Implementing robust exit conditions:
from enum import Enum
class ExitReason(Enum):
TASK_COMPLETE = "task_complete"
CONFIDENCE_THRESHOLD_MET = "confidence_threshold"
MAX_ITERATIONS_REACHED = "max_iterations"
TOKEN_BUDGET_EXHAUSTED = "token_budget"
ERROR_LIMIT_REACHED = "error_limit"
HUMAN_ESCALATION_REQUIRED = "human_escalation"
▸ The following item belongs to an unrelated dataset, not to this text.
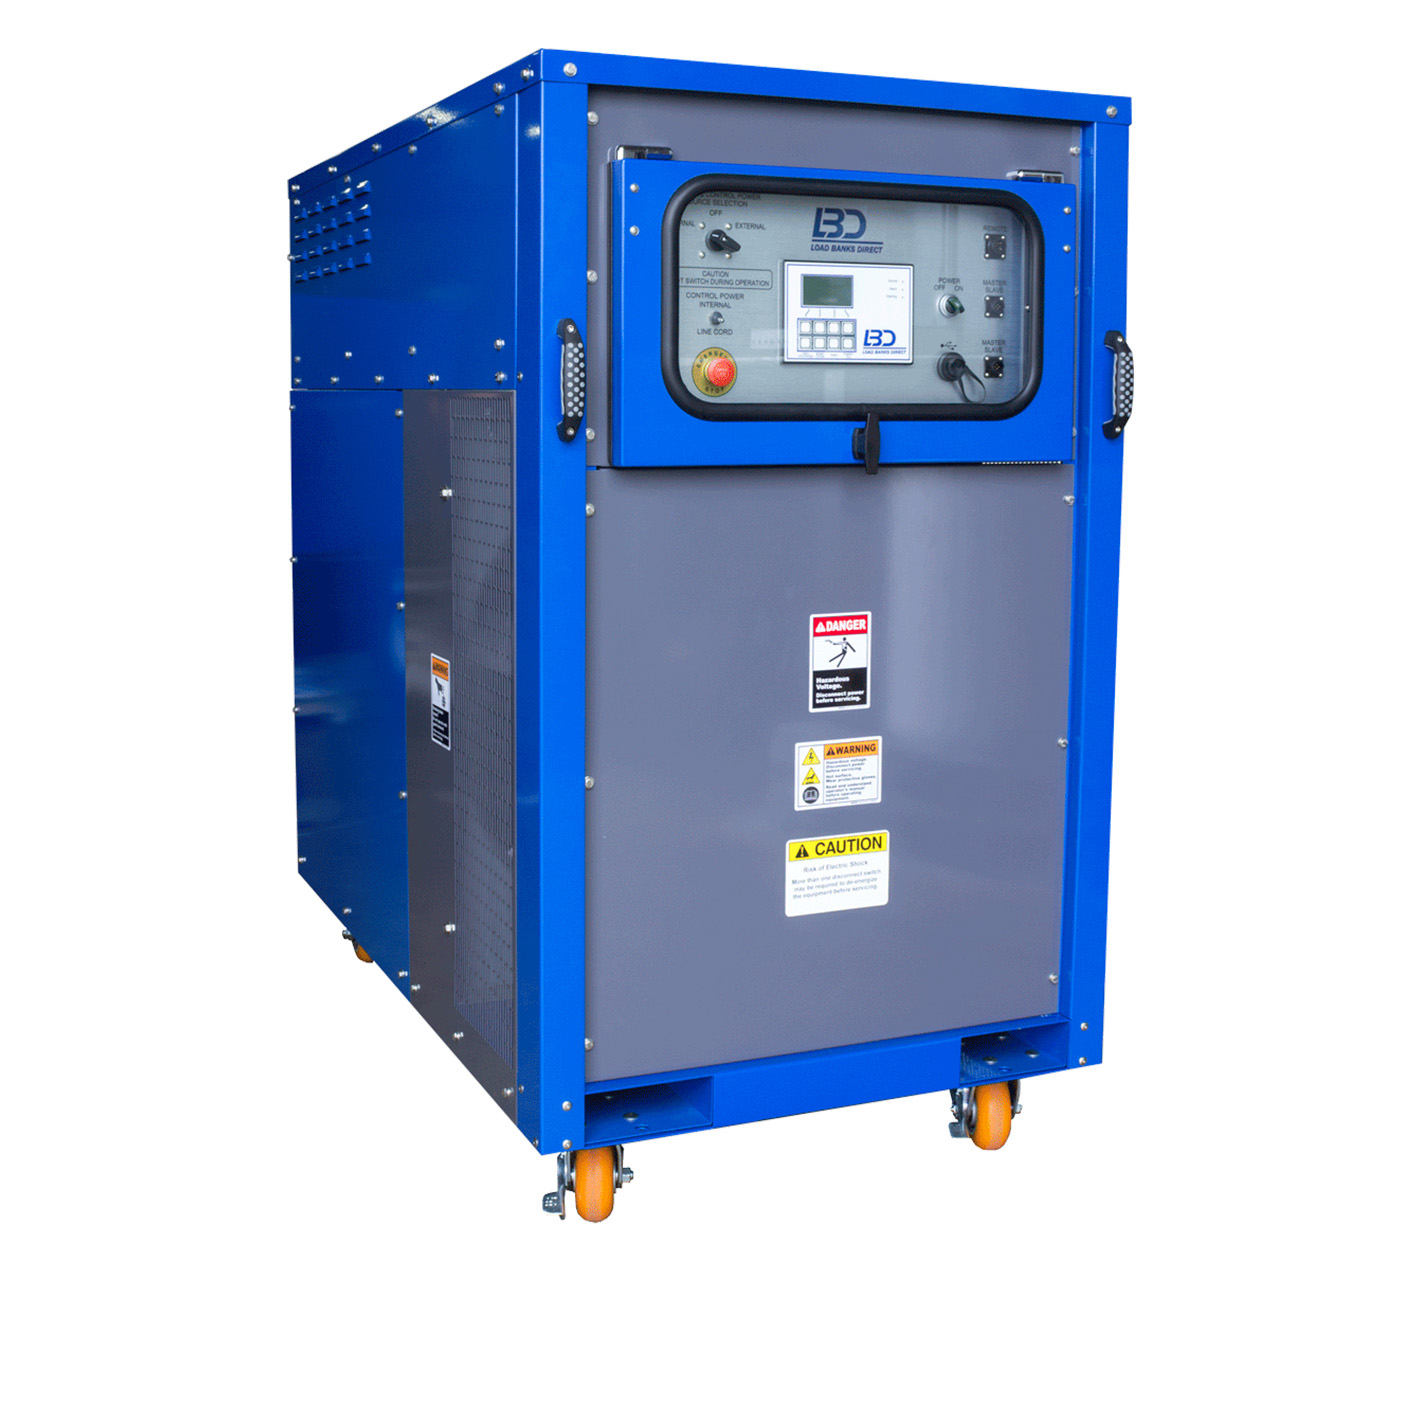 Rentaload - Our products - 7kW and 11kW rack load banks

class AgentExitController:
def __init__(
self,
max_iterations: int = 15,
max_tokens: int = 100_000,
max_consecutive_errors: int = 3,
confidence_threshold: float = 0.85
):
self.max_iterations = max_iterations
self.max_tokens = max_tokens
self.max_consecutive_errors = max_consecutive_errors
self.confidence_threshold = confidence_threshold
self.iteration_count = 0
self.total_tokens = 0
self.consecutive_errors = 0
self.task_complete = False
self.confidence = 0.0
def check_exit(self) -> tuple[bool, ExitReason | None]:
"""Returns (should_exit, reason). Call after each iteration."""
if self.task_complete:
return True, ExitReason.TASK_COMPLETE
if self.confidence >= self.confidence_threshold:
return True, ExitReason.CONFIDENCE_THRESHOLD_MET
if self.iteration_count >= self.max_iterations:
return True, ExitReason.MAX_ITERATIONS_REACHED
if self.total_tokens >= self.max_tokens:
return True, ExitReason.TOKEN_BUDGET_EXHAUSTED
if self.consecutive_errors >= self.max_consecutive_errors:
return True, ExitReason.ERROR_LIMIT_REACHED
return False, None
def record_iteration(
self,
tokens_used: int,
had_error: bool,
task_complete: bool,
confidence: float = 0.0
) -> None:
self.iteration_count += 1
self.total_tokens += tokens_used
self.task_complete = task_complete
self.confidence = confidence
if had_error:
self.consecutive_errors += 1
else:
self.consecutive_errors = 0 # Reset on success
controller = AgentExitController(max_iterations=10, max_tokens=80_000)
while True:
# Run one iteration
result = run_one_iteration()
controller.record_iteration(
tokens_used=result.tokens,
had_error=result.had_error,
task_complete=result.is_complete,
confidence=result.confidence_score
)
should_exit, reason = controller.check_exit()
if should_exit:
print(f"Agent stopped: {reason.value}")
if reason == ExitReason.HUMAN_ESCALATION_REQUIRED:
escalate_to_human(result)
break
Tip: For QA engineers: test your agent's exit conditions as thoroughly as you test its happy path. Specifically test: (1) that it terminates correctly when the task is done, (2) that it terminates gracefully when it hits the iteration limit, and (3) that it does not enter an infinite loop when a tool repeatedly fails. These failure modes are not edge cases — they are the most common source of runaway token costs in production agentic systems.